Not quite a reprex, size-wise, but at least some indication of its appearance:
library(torch)
library(torchvision)
library(dplyr)
train_transforms <- function(img) {
img %>%
transform_random_resized_crop(size = c(224, 224)) %>%
transform_color_jitter() %>%
transform_random_horizontal_flip() %>%
transform_to_tensor() %>%
transform_normalize(mean = c(0.485, 0.456, 0.406), std = c(0.229, 0.224, 0.225))
}
valid_transforms <- function(img) {
img %>%
transform_resize(256) %>%
transform_center_crop(224) %>%
transform_to_tensor() %>%
transform_normalize(mean = c(0.485, 0.456, 0.406), std = c(0.229, 0.224, 0.225))
}
test_transforms <- valid_transforms
target_transform = function(x) {
x <- torch_tensor(x, dtype = torch_long())
x$squeeze(1)
}
# https://www.kaggle.com/gpiosenka/100-bird-species/data
data_dir = 'data/bird_species'
train_ds <- image_folder_dataset(file.path(data_dir, "train"),
transform = train_transforms,
target_transform = target_transform)
valid_ds <- image_folder_dataset(file.path(data_dir, "valid"),
transform = valid_transforms,
target_transform = target_transform)
test_ds <-
image_folder_dataset(file.path(data_dir, "test"),
transform = test_transforms,
target_transform = target_transform)
batch_size <- 32
train_dl <- dataloader(train_ds, batch_size = batch_size, shuffle = TRUE)
valid_dl <- dataloader(valid_ds, batch_size = batch_size)
test_dl <- dataloader(test_ds, batch_size = batch_size)
model <- model_resnet18(pretrained = TRUE)
model$parameters %>% purrr::walk(function(param) param$requires_grad <- FALSE)
num_features <- model$fc$in_features
model$fc <- nn_linear(in_features = num_features, out_features = length(class_names))
device <- if (cuda_is_available()) torch_device("cuda:0") else "cpu"
model <- model$to(device = device)
criterion <- nn_cross_entropy_loss()
optimizer <- optim_sgd(model$parameters, lr = 0.001, momentum = 0.9)
num_epochs <- 10
scheduler <- optimizer %>%
lr_one_cycle(max_lr = 0.05, epochs = num_epochs, steps_per_epoch = train_dl$.length())
for (epoch in 1:num_epochs) {
model$train()
train_losses <- c()
for (b in enumerate(train_dl)) {
optimizer$zero_grad()
output <- model(b[[1]]$to(device = "cuda"))

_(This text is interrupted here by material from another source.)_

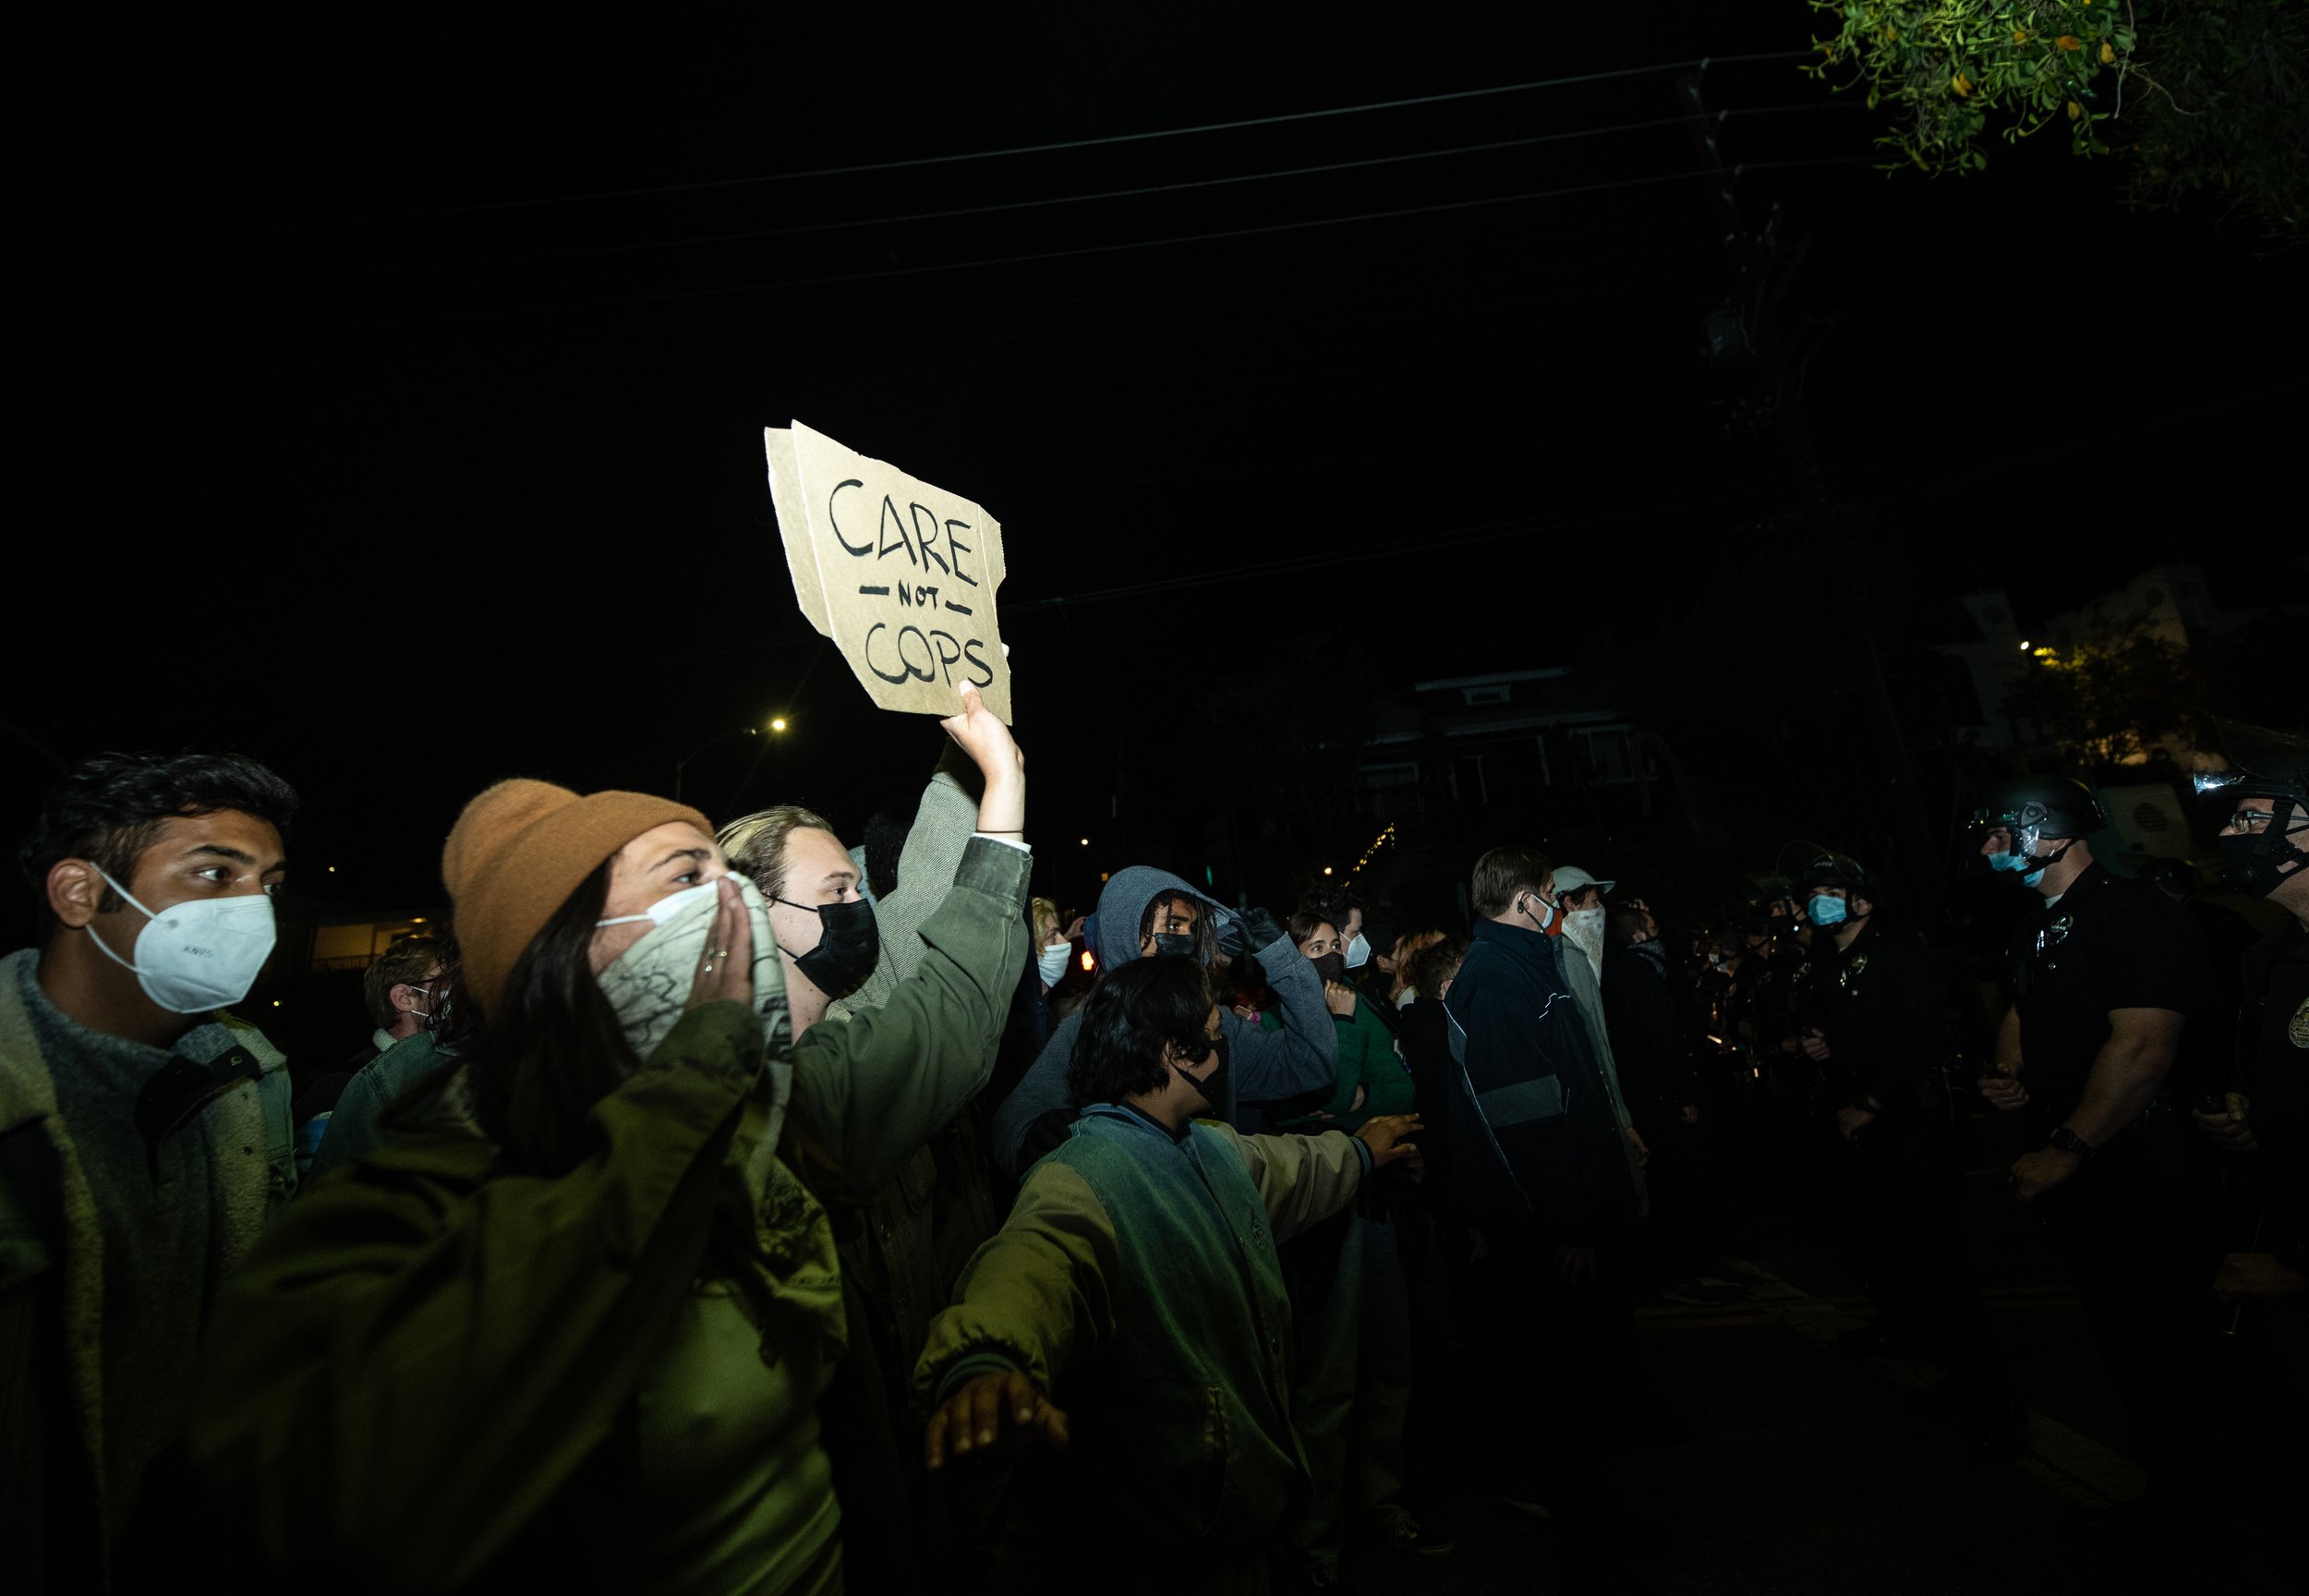  A protester holds up a sign March 24, 2021, near the Los Angeles Police Department skirmish line in an attempt to stop officers from removing an established homeless encampment at Echo Park Lake in the Echo Park neighborhood of Los Angeles. (Photo b

loss <- criterion(output, b[[2]]$to(device = "cuda"))
loss$backward()
optimizer$step()
scheduler$step()
train_losses <- c(train_losses, loss$item())
#print(optimizer$param_groups[[1]]$lr)
}
model$eval()
valid_losses <- c()
for (b in enumerate(valid_dl)) {
output <- model(b[[1]])
loss <- criterion(output, b[[2]]$to(device = "cuda"))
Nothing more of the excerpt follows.